Isso constitui uma desculpa? Ao
contrário, aos meus olhos (e aos de Arendt também, acredito), a banalidade do
assassino constitui uma agravante.
O vizinho alega as ordens, a ordem ou a
fidelidade a qualquer grupo que seja, tudo porque quer parar de pensar: essa é
sua culpa original e mais grave, graças à qual ele se torna capaz de agir como
se não existissem considerações morais. De fato, ele quis sobretudo deixar de
dialogar com sua consciência.
Talvez em 2015 eu publique minha tese.
Fiquei a fim de explicar este fato um pouco assustador: há algo na dinâmica de
nossa subjetividade normal que faz com que parar de pensar seja uma tentação
constante, como se qualquer desculpa (ideológica, por exemplo) fosse boa para
fugir da solidão, que é a condição do diálogo moral de cada um com sua
consciência.
O coletivo (a nação, o partido, o
sindicato, a torcida, a gangue, o grupo adolescente de amigos, a própria
família) não oferece apenas ideologias e desculpas: ele fornece uma função para
cada um de seus membros. Com isso, não preciso pensar para decidir minha vida
–preciso apenas preencher minha função. É bom o que é funcional ao grupo -ruim,
o que não é.
Qualquer crepúsculo do indivíduo é um
crepúsculo da moral. Pensemos nisso, por favor, quando torcemos, agitamos
bandeiras ou falamos, misteriosamente, na primeira do plural.
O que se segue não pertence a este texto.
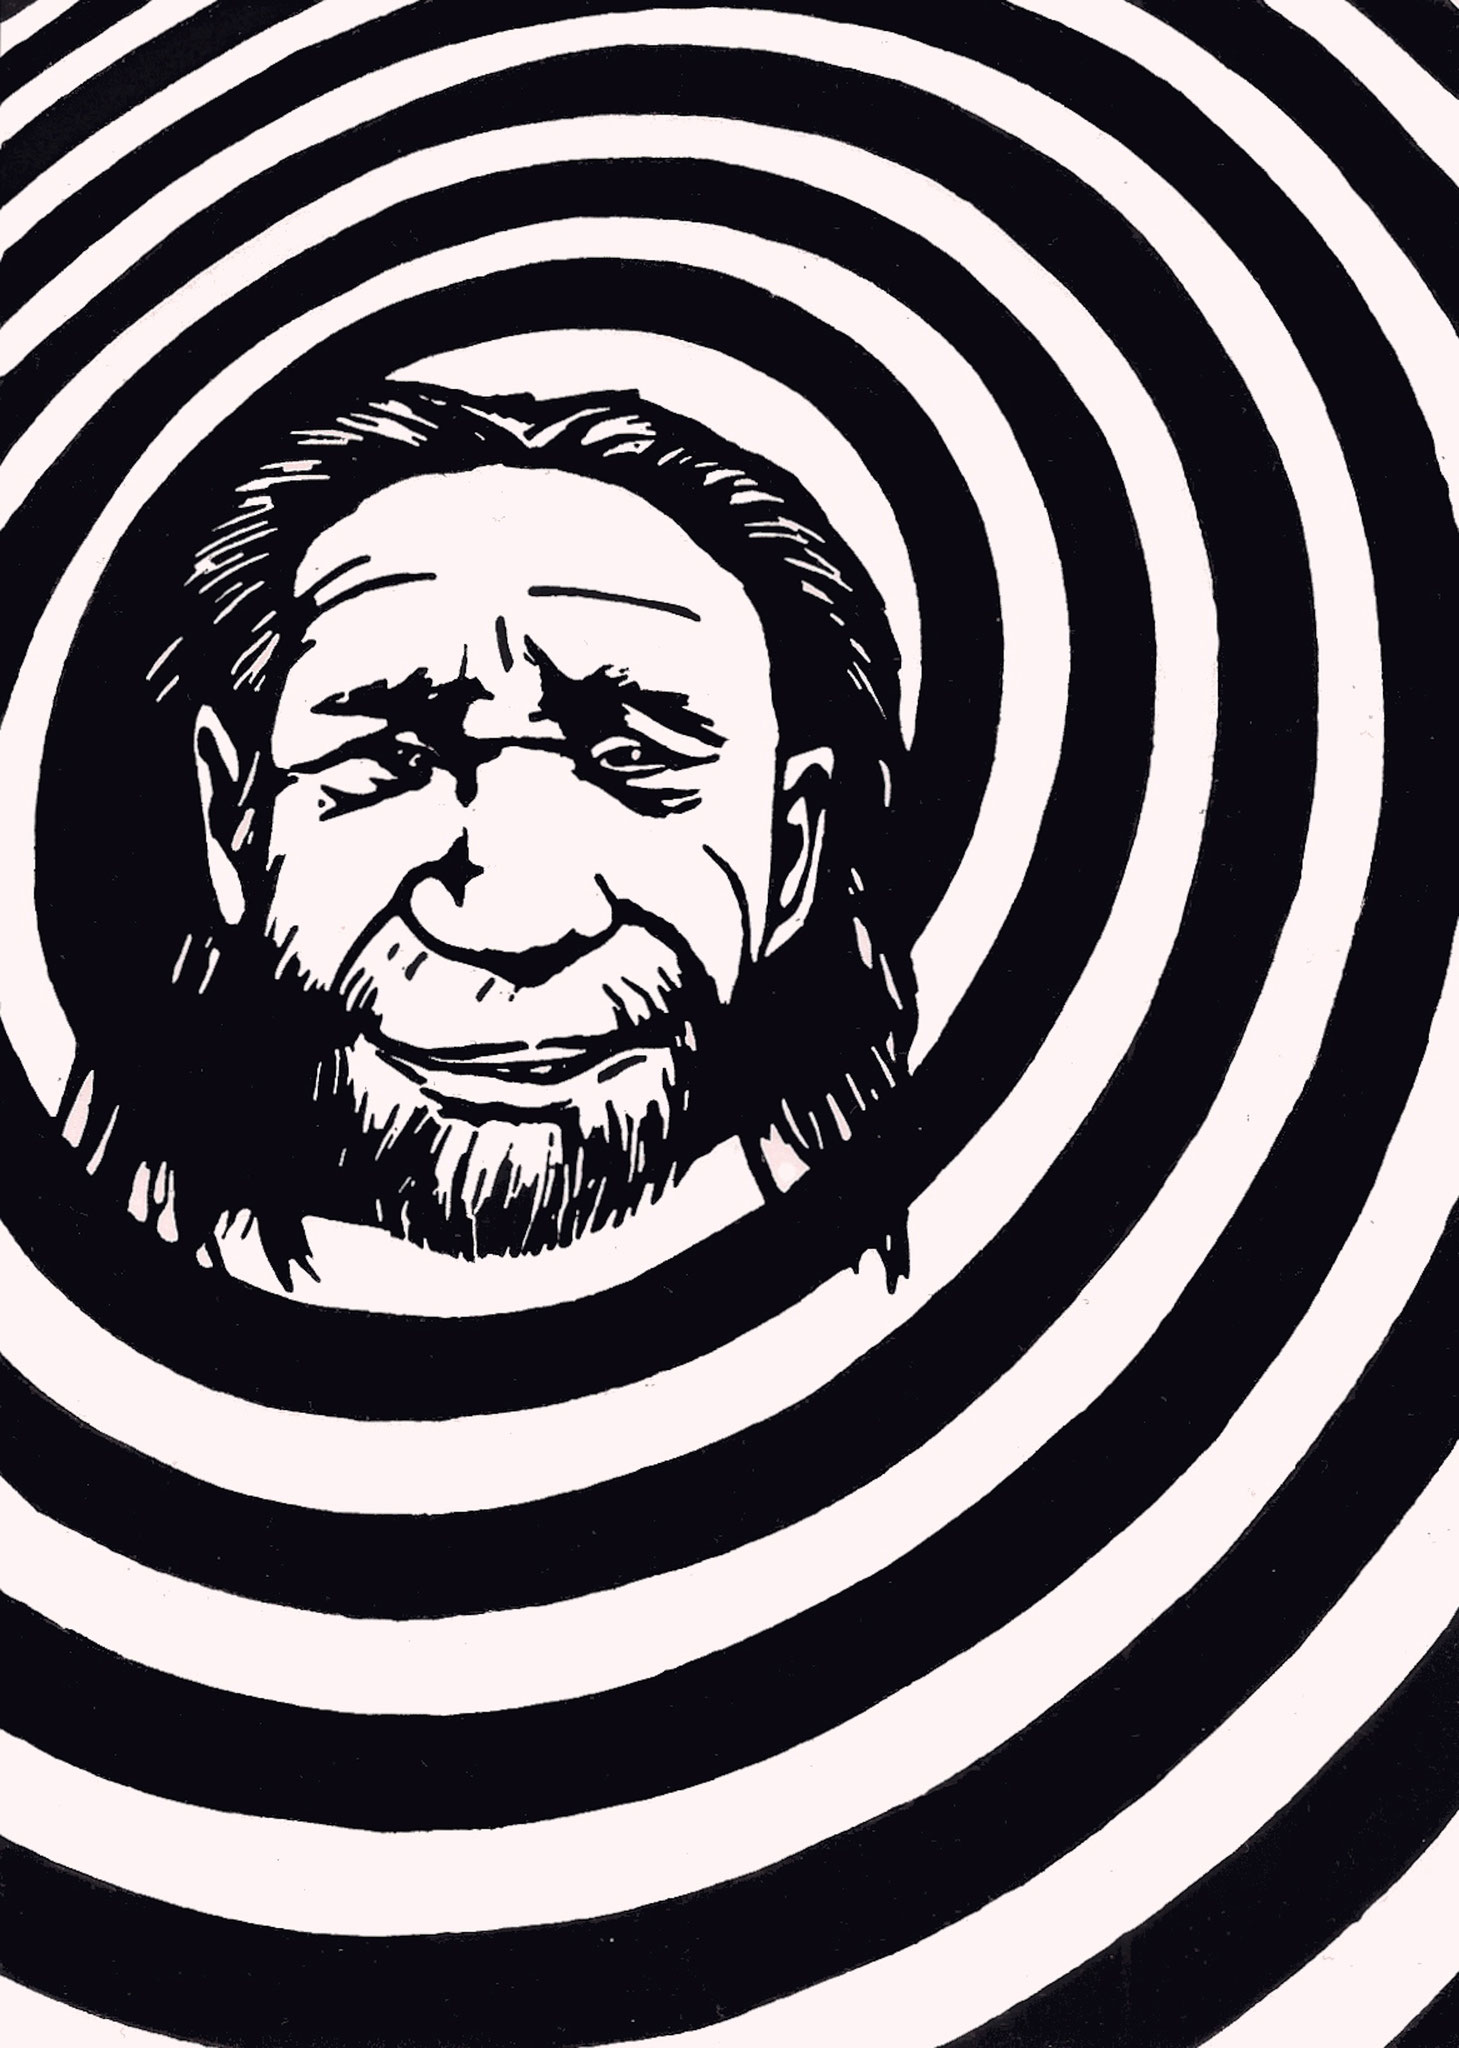 Neandertaler, 23/11/2017, Edition 5, A5

Minha tese tinha o título “A Paixão de
Ser Instrumento”. Ela perguntava: por que a ideia de se transformar em
instrumento (abdicando a subjetividade da gente) teve e continua tendo tamanho
sucesso?
Para qual razão psíquica fundamental
teríamos todos uma predisposição a sermos seres estúpida e covardemente coletivos?
Por que preferiríamos ser funcionários do horror a conviver com as incertezas
cotidianas do juízo moral? A resposta não cabe aqui. Mas a questão não
envelheceu."
Um trecho importante: "Nota: a palavra “holocausto” evoca para mim um sacrifício, como se as mortes pudessem ser algum tipo de expiação; por isso, prefiro a palavra genocídio, que diz a verdade sobre a intenção dos assassinos."